Start symbol is S, so two parse tree for "bc" is not possible.

i.e. We cannot start from P directly to derive "bc".

Answer 2

For part B) You can get using bcde

 

Answer 3

A.

Let's see what the grammar is doing.

$S→bSe$ => For every b one e must be there

$S→PQR$ => terminals can come from either P, Q or R.

$P→bPc$ =>  For every b one c  must be there.

$Q→cQd$ =>  For every c one d  must be there.

$R→dRe$ =>  For every d one   must be there.

Summary: $b-e , b-c, d-c, d-e$

So number of b and d equals number of c and e.

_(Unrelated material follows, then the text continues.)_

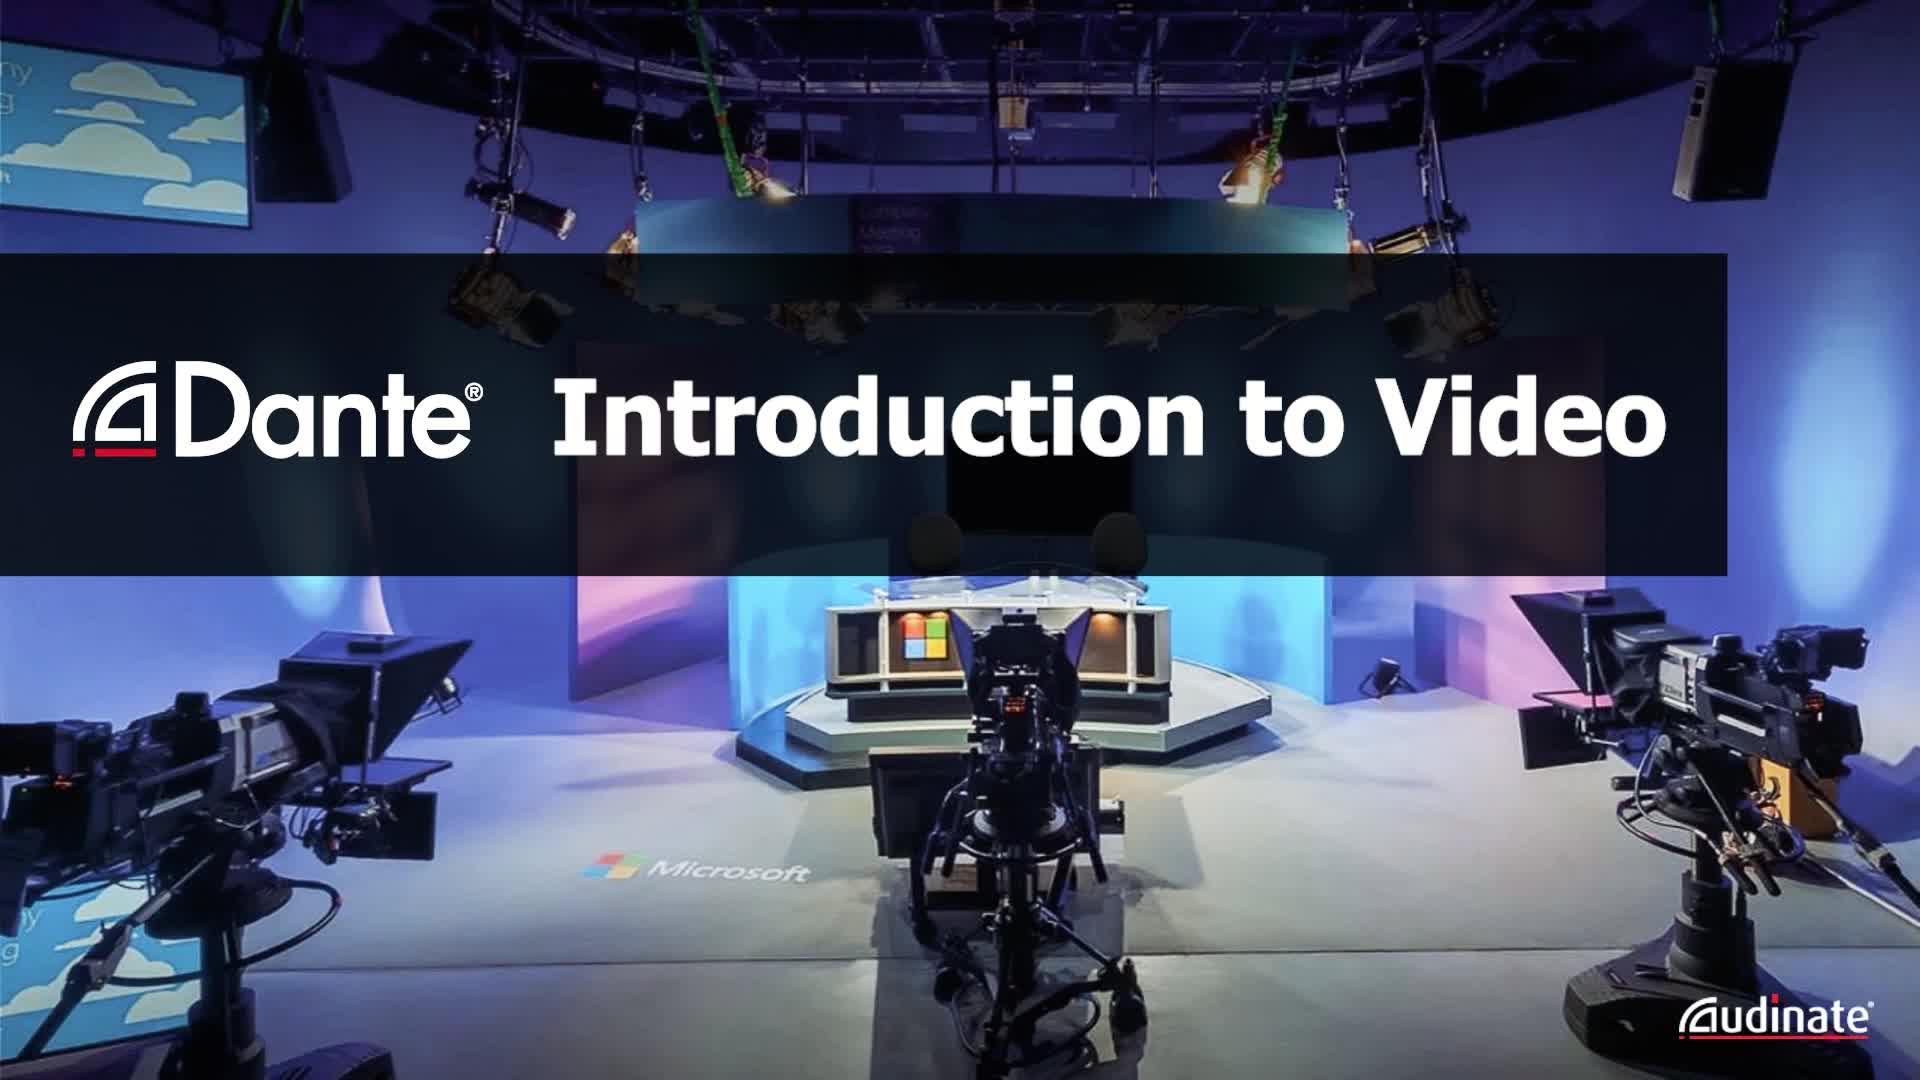 Dante AV: Intro to Video Technology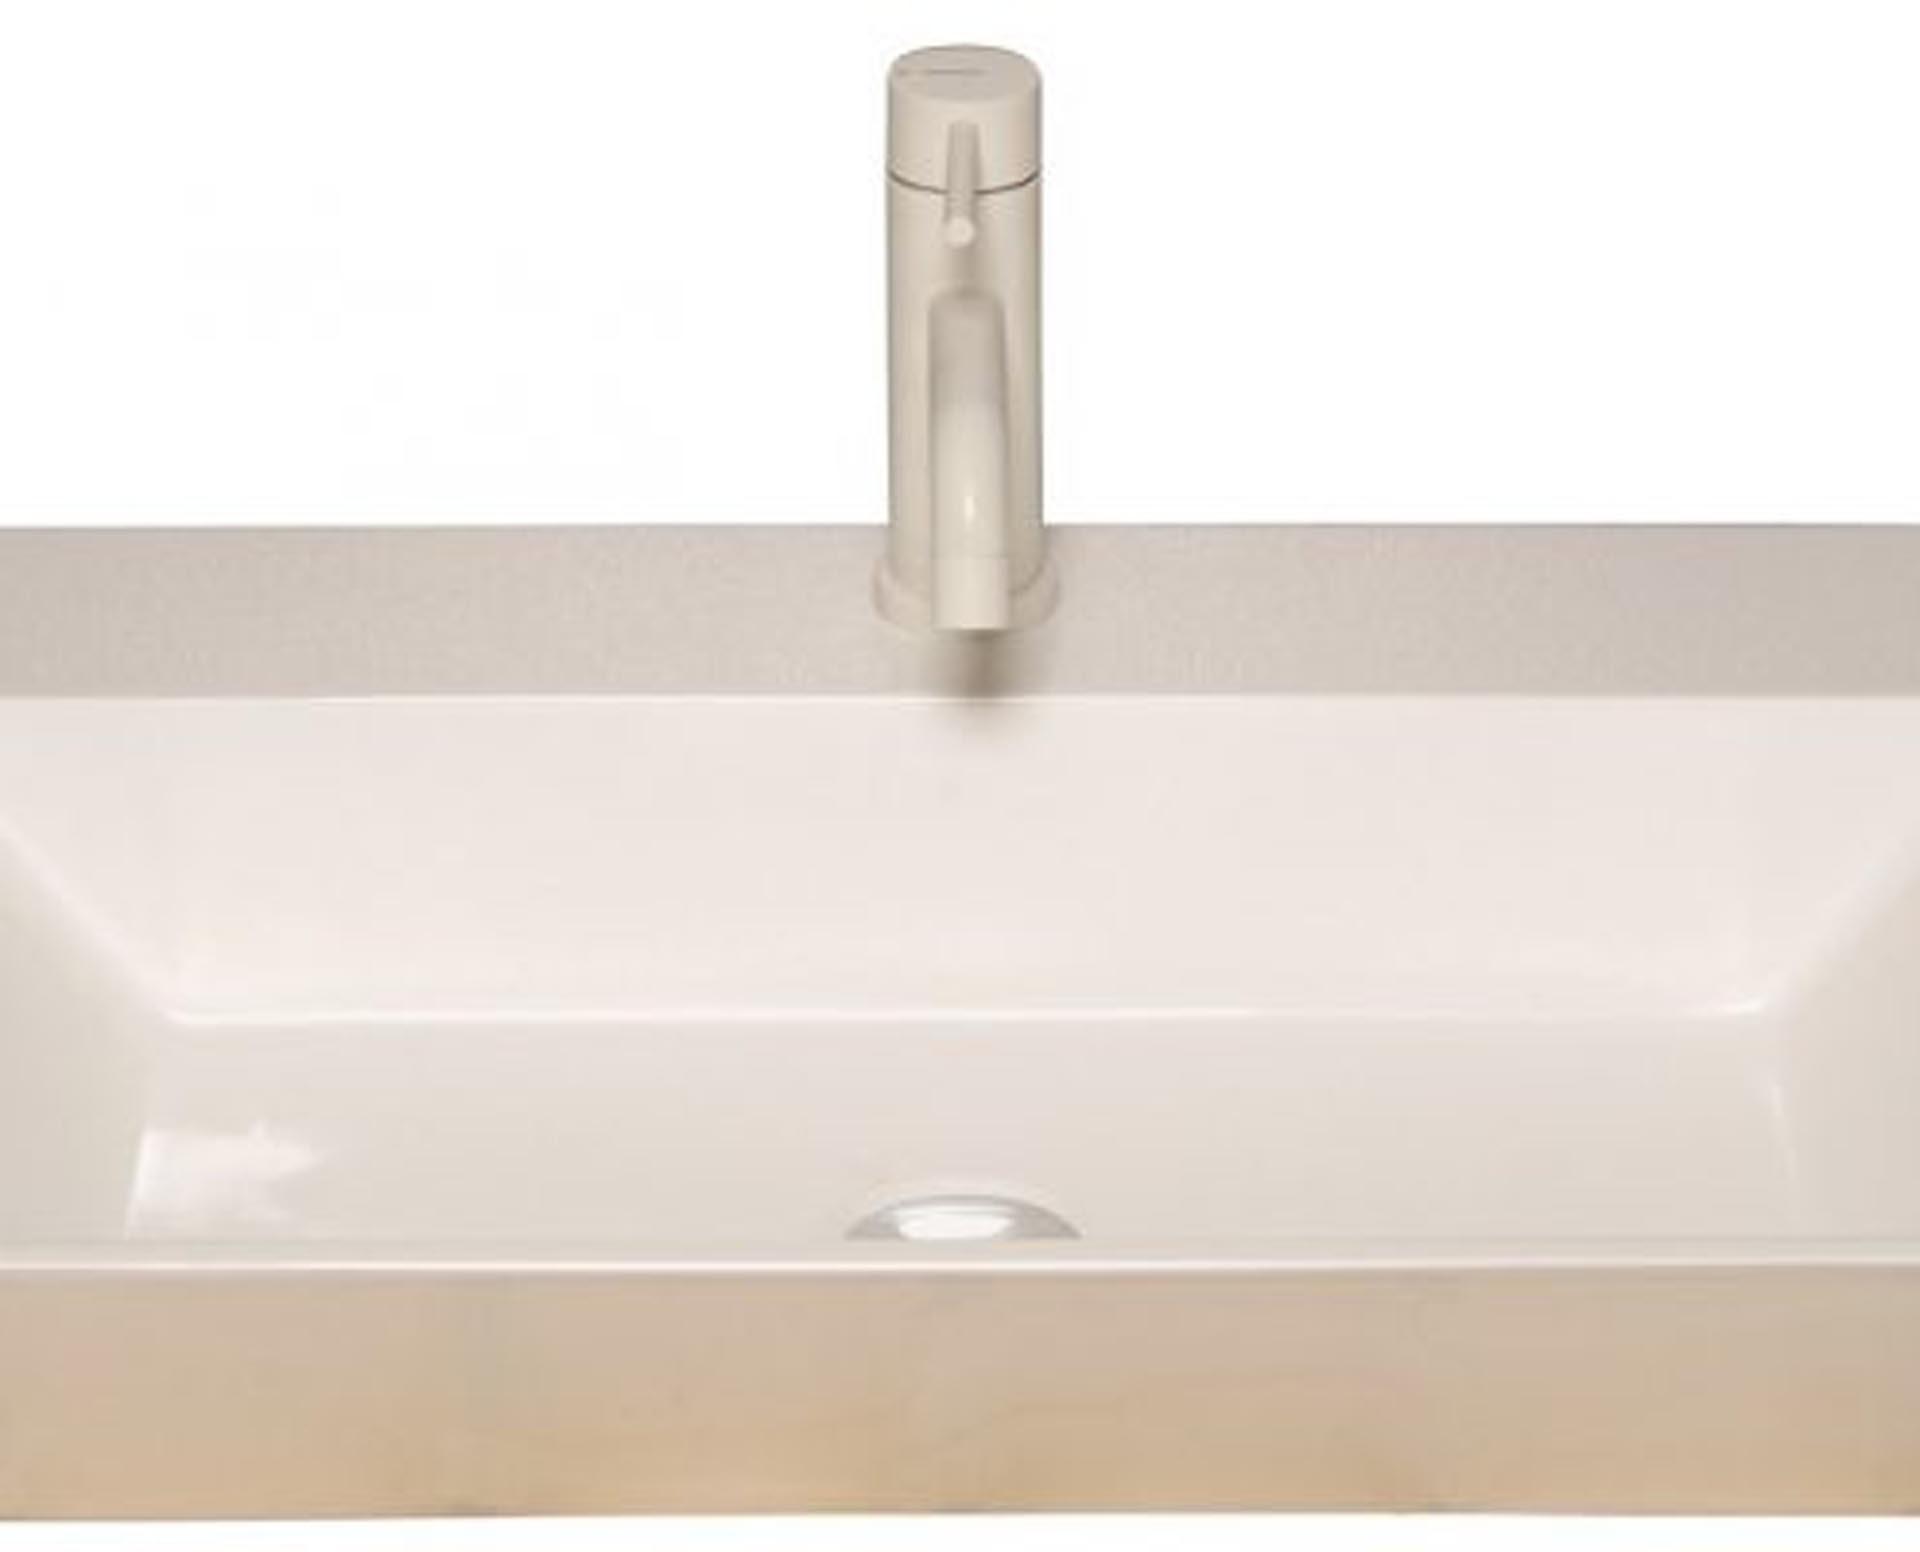 Flot designhåndvask i Kunstmarmor (Top-Solid). Vasken er lavet i hvid højglans komposit, som gør den meget nem at holde ren. Vasken har målene: 60,5 x 35,5 x 10 cm. Vasken tåler alle former for rengøringsmidler. Vasken kan bruges som fritstående vask - da vasken er flad i bunden er den velegnet til at placere direkte på en bordplade. Vasken er hensynsmæssigt designet med fine rundinger, som både giver vasken et eksklusivt udtryk og gør den rengøringsvenlig. Vasken vedligeholdes med voks - vi anbefaler en behandling med vores egen naturvoks ID12002 et par gange om året for at opnå optimalt look.

We can have strings $ε$, be, cd.

Hence the condition is  $i+k=j+m$
where $i,j,k,m>=0$

B. We should have multiple choice for making the tree so let's try with string which can be reached using production in different ways.

String: bede

Way 1: $S→bSe$

            $S→bPQRe$

            $S→bPcQdRe$

            $S→bcde$ (Using $P→ε$ , $Q→ε$ , $R→ε$)

Way 2:  $S→PQR$

             $S→bPcdRe$ (Using $Q→ε$ )

             $S→bcde$ (Using $P→ε$ , $R→ε$

Answer 4

S generates equal number of b's and e's.

P generates equal number of b's and c's.

Q generates equal number of c's and d's.

R generates equal number of d's and e's.

 

Let's give them arbitrary numbers:

b	e	b	c	c	d	d	e
5	5	19	19	4	4	6	6

 

It gives: $b^{24}, c^{23}, d^{10}, e^{11}$

Try out a few more, you'll get

$i+k=j+m$